= Benjamin Electric Manufacturing Company =

Benjamin Electric Manufacturing Company was a Des Plaines, Illinois electrical company founded in the late 19th century.

== History ==

Benjamin Electric Manufacturing Company was founded by Reuben Berkley Benjamin and filed its first patent for an electric lamp socket in 1898. The part was manufactured in Benjamin's basement by high school kids who worked after school.

The company was officially organized in 1901 with an investment of $2,400. The original founders included Walter D. Steele, Ruben B. Benjamin, and two others. It originally operated out of a small basement space, but moved to Des Plaines in 1929. In 1945 it built a laboratory for testing and research, and by 1948 it employed more than 1,200 people.

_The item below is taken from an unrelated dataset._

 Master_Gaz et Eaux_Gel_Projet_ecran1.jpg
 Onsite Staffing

In 1958, Benjamin was bought out by Thomas Industries, Inc. It continued to operate under the Benjamin name as a division of Thomas Industries. At the time of acquisition, it employed 600 people in two manufacturing facilities, one in Des Plaines and the other in Burlingame, California.

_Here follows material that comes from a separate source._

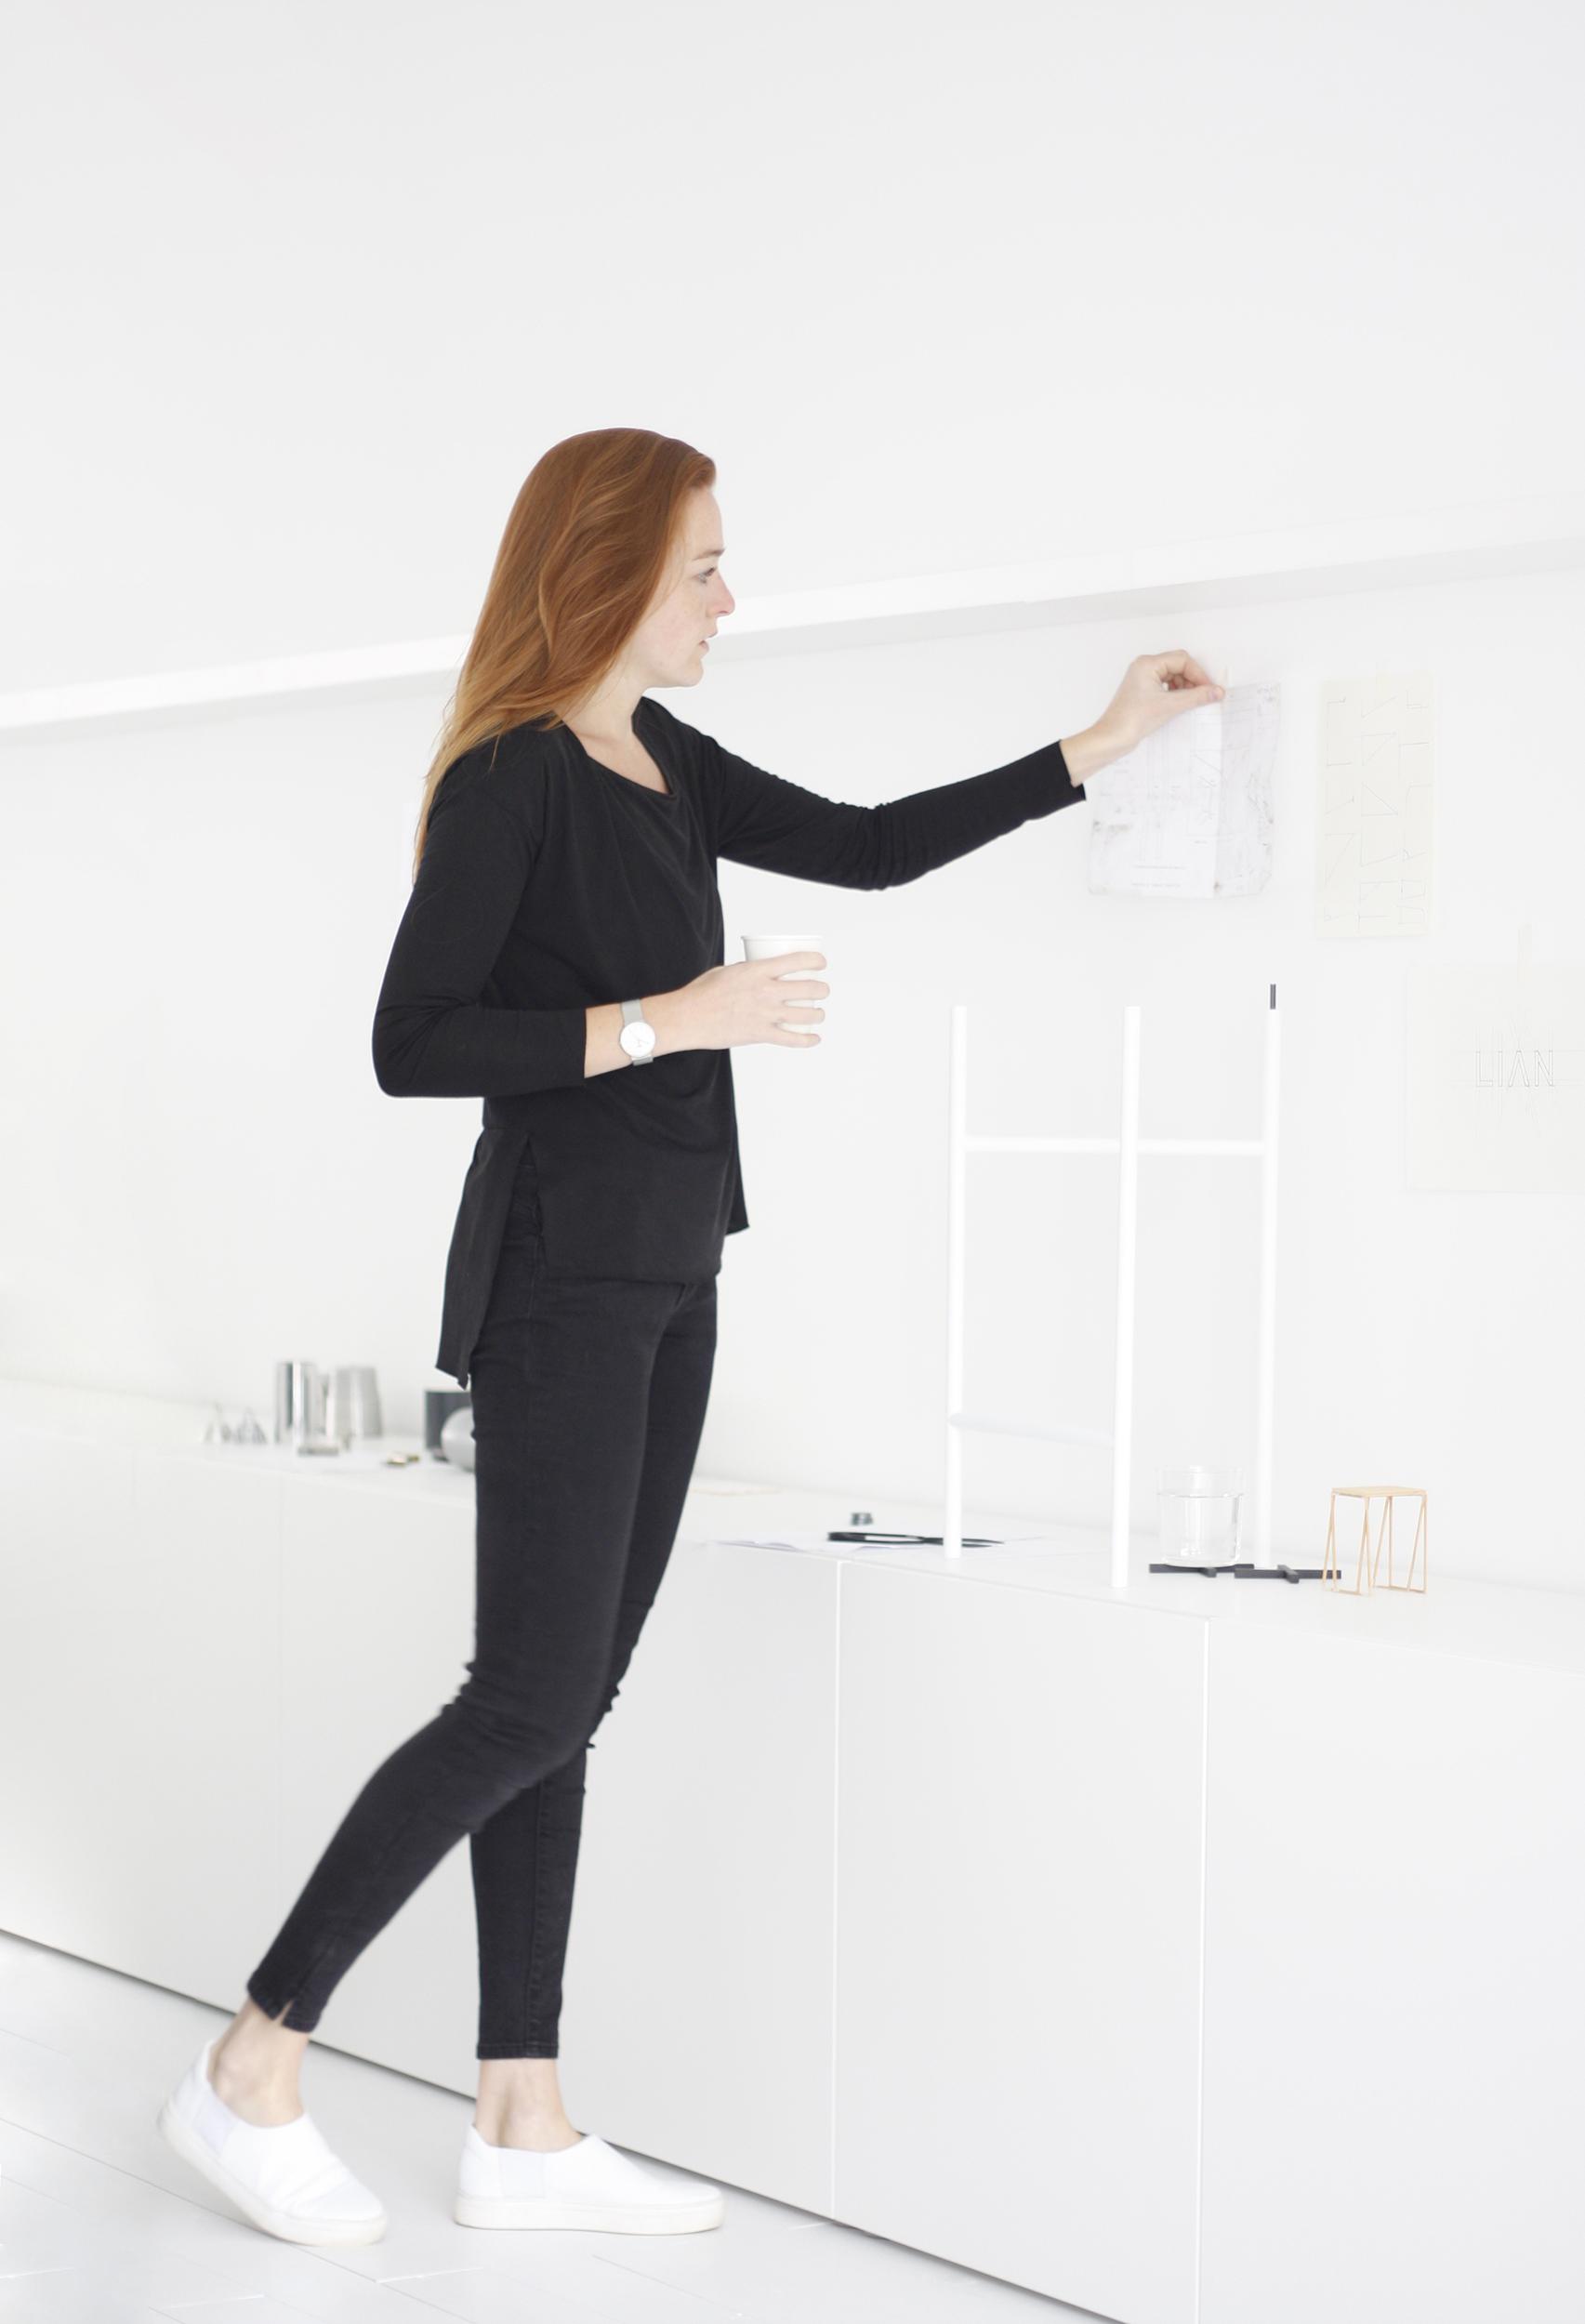 LIAN product designer studio works

The company's factory in Illinois was closed in 1963, with manufacturing moving to a Thomas Industries 250000 sqft plant in Sparta, TN.

== Products ==

Benjamin Electric Manufacturing Company was the manufacturer of industrial and commercial lighting, floodlights, and signalling devices. It pioneered a wireless cluster for lighting equipment, designed to produce higher levels of lighting from carbon filament lamps. The company went on to manufacture various electrical products. One of its most notable products was a series of non-contact fire alarm horns, introduced in the early 1920s. Throughout his lifetime, Reuben Benjamin secured 300 patents, most of which were used for products at the company.